Question

1. Find the axis of symmetry of the quadratic equation y = -x^2 - 4x +1; Give your answer with x =

2. Find the vertex of the quadratic equation y = 2x^2 +8. Give your answer as an ordered pair (x, y)

3. Identify the zeros of the quadratic equation y = -(x -2)^2 + 4. Give your answer in series notation { }

Answer 1

[AI-generated answer — Bot GPT 3.5]

1. To find the axis of symmetry of the quadratic equation y = -x^2 - 4x + 1, we need to find the x-coordinate of the vertex. The x-coordinate of the vertex can be found using the formula x = -b/2a. In this case, a = -1 and b = -4. Therefore, x = -(-4)/(2*(-1)) = 2. So, the axis of symmetry is x = 2.
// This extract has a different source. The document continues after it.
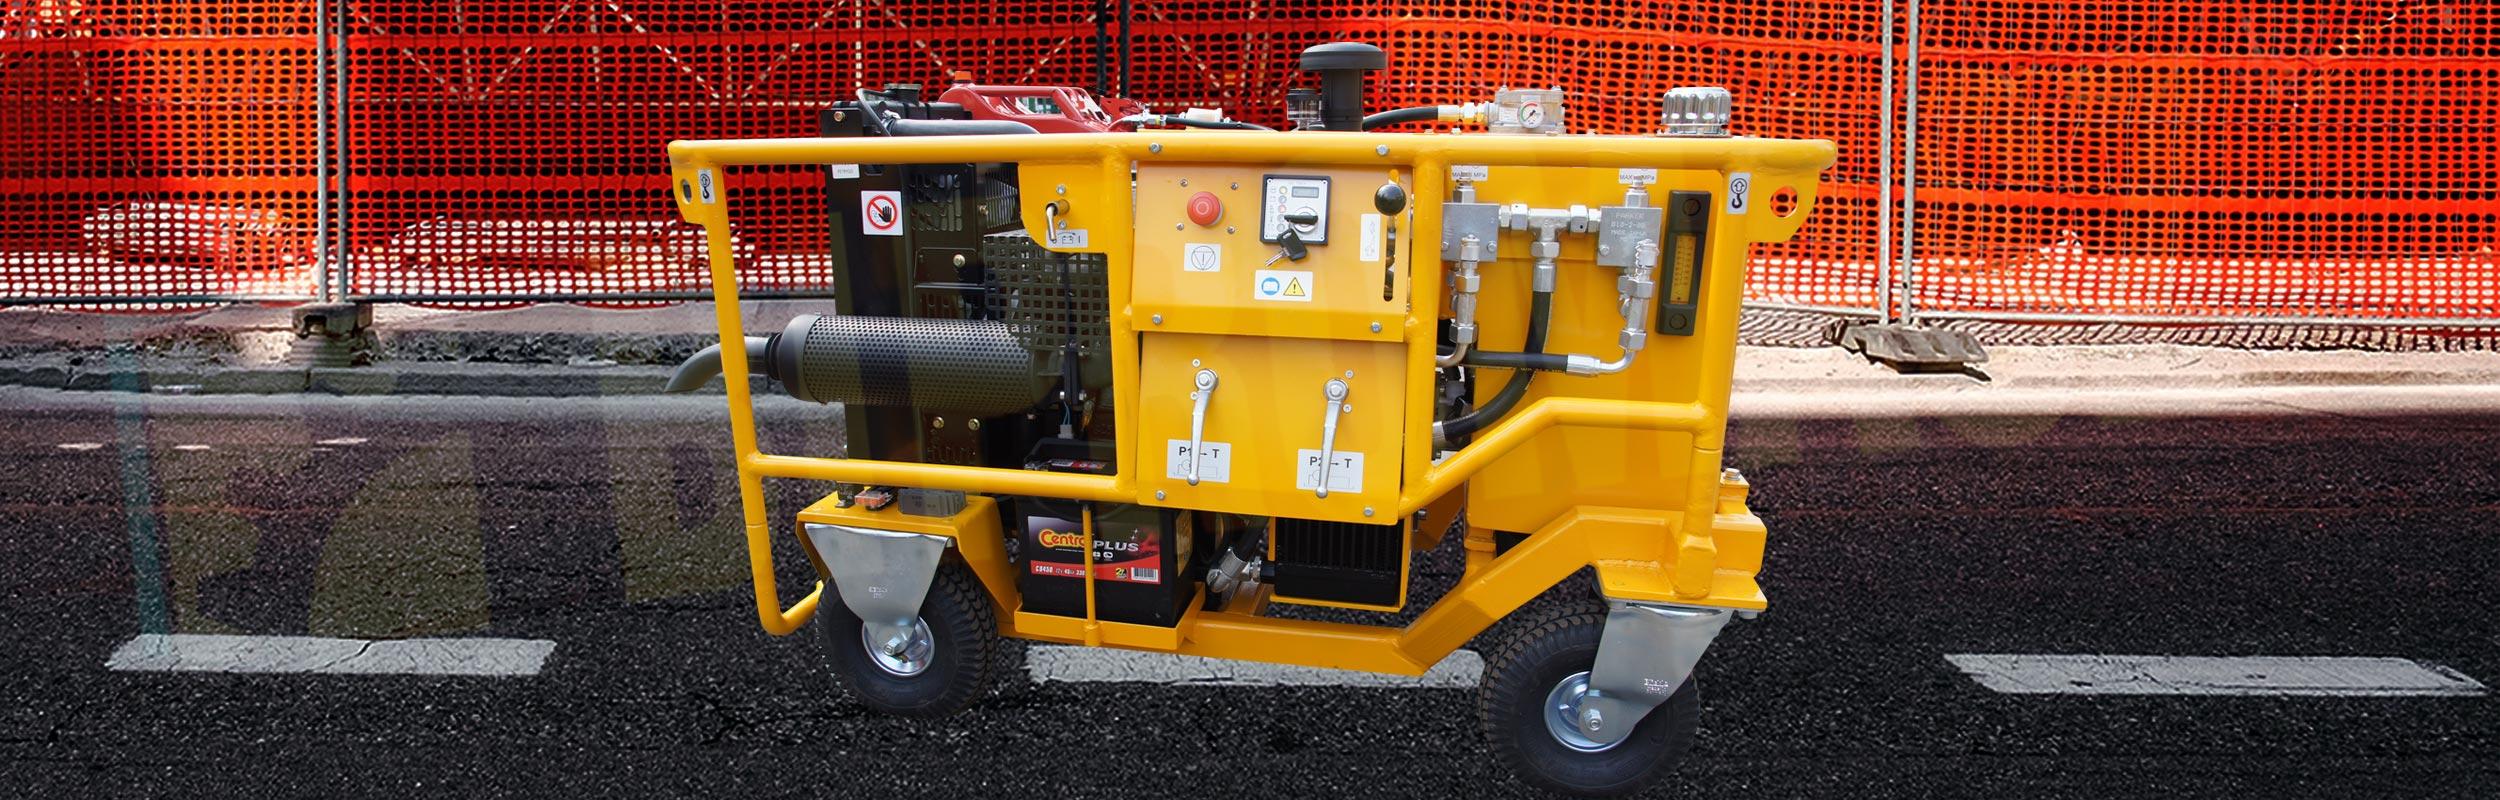 Hydrauliczny Agregat Spalinowy HAS-18 produkcji firmy Bipromasz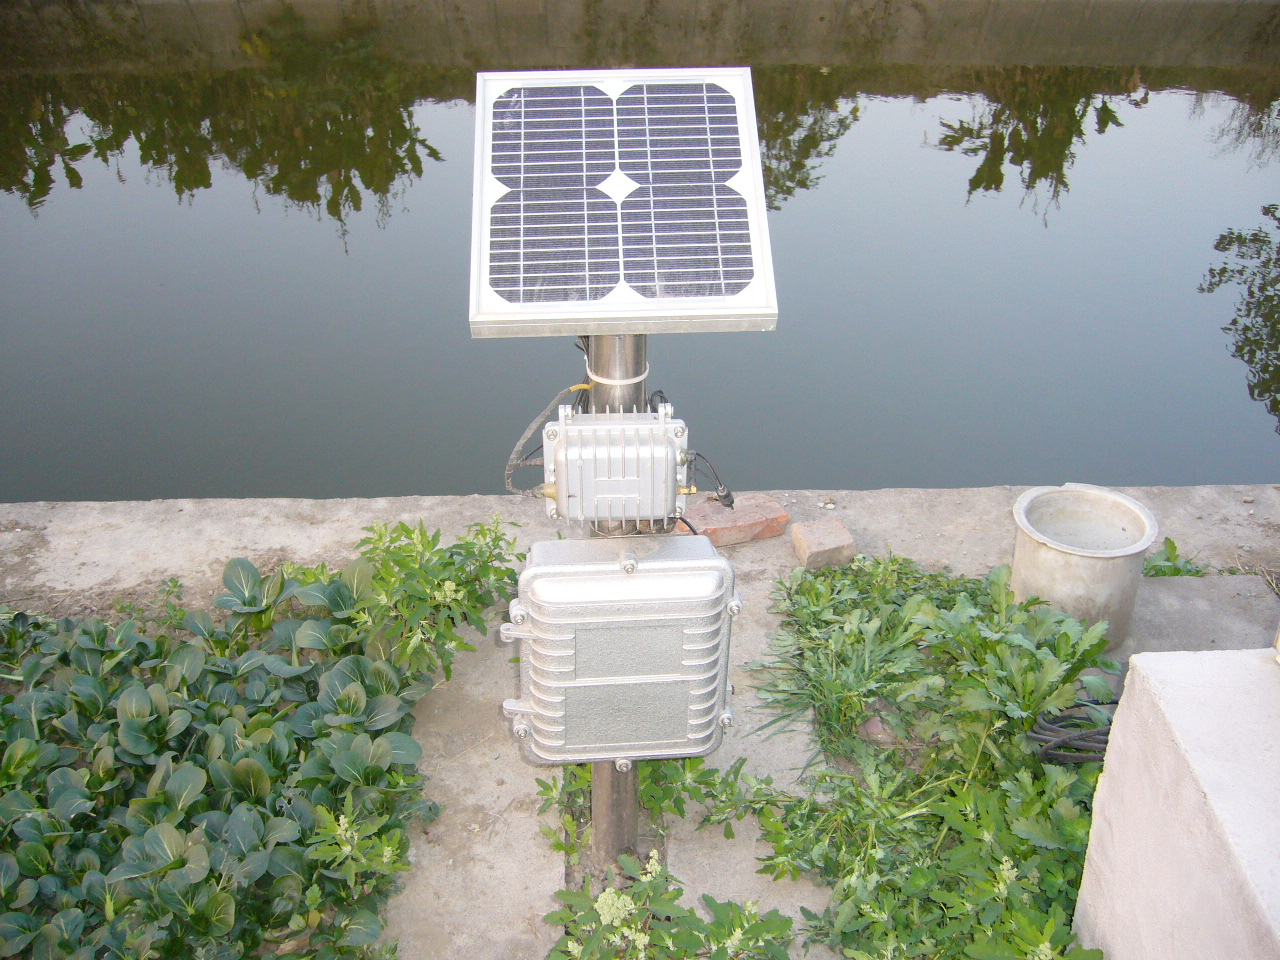 水质一旦异常,监测点会及时反馈数据

2. To find the vertex of the quadratic equation y = 2x^2 + 8, we need to find the coordinates of the vertex which can be found using the formula (x, y) = (-b/2a, f(-b/2a)). In this case, a = 2 and b = 0. Therefore, (x, y) = (0, f(0)) = (0, 8). So, the vertex is (0, 8).

3. To identify the zeros of the quadratic equation y = -(x - 2)^2 + 4, we set y to 0 and solve for x. -(x - 2)^2 + 4 = 0. This can be simplified to (x - 2)^2 = 4. Taking the square root of both sides, we get x - 2 = ±2. Therefore, x = 2 ± 2. So, the zeros are {0, 4}.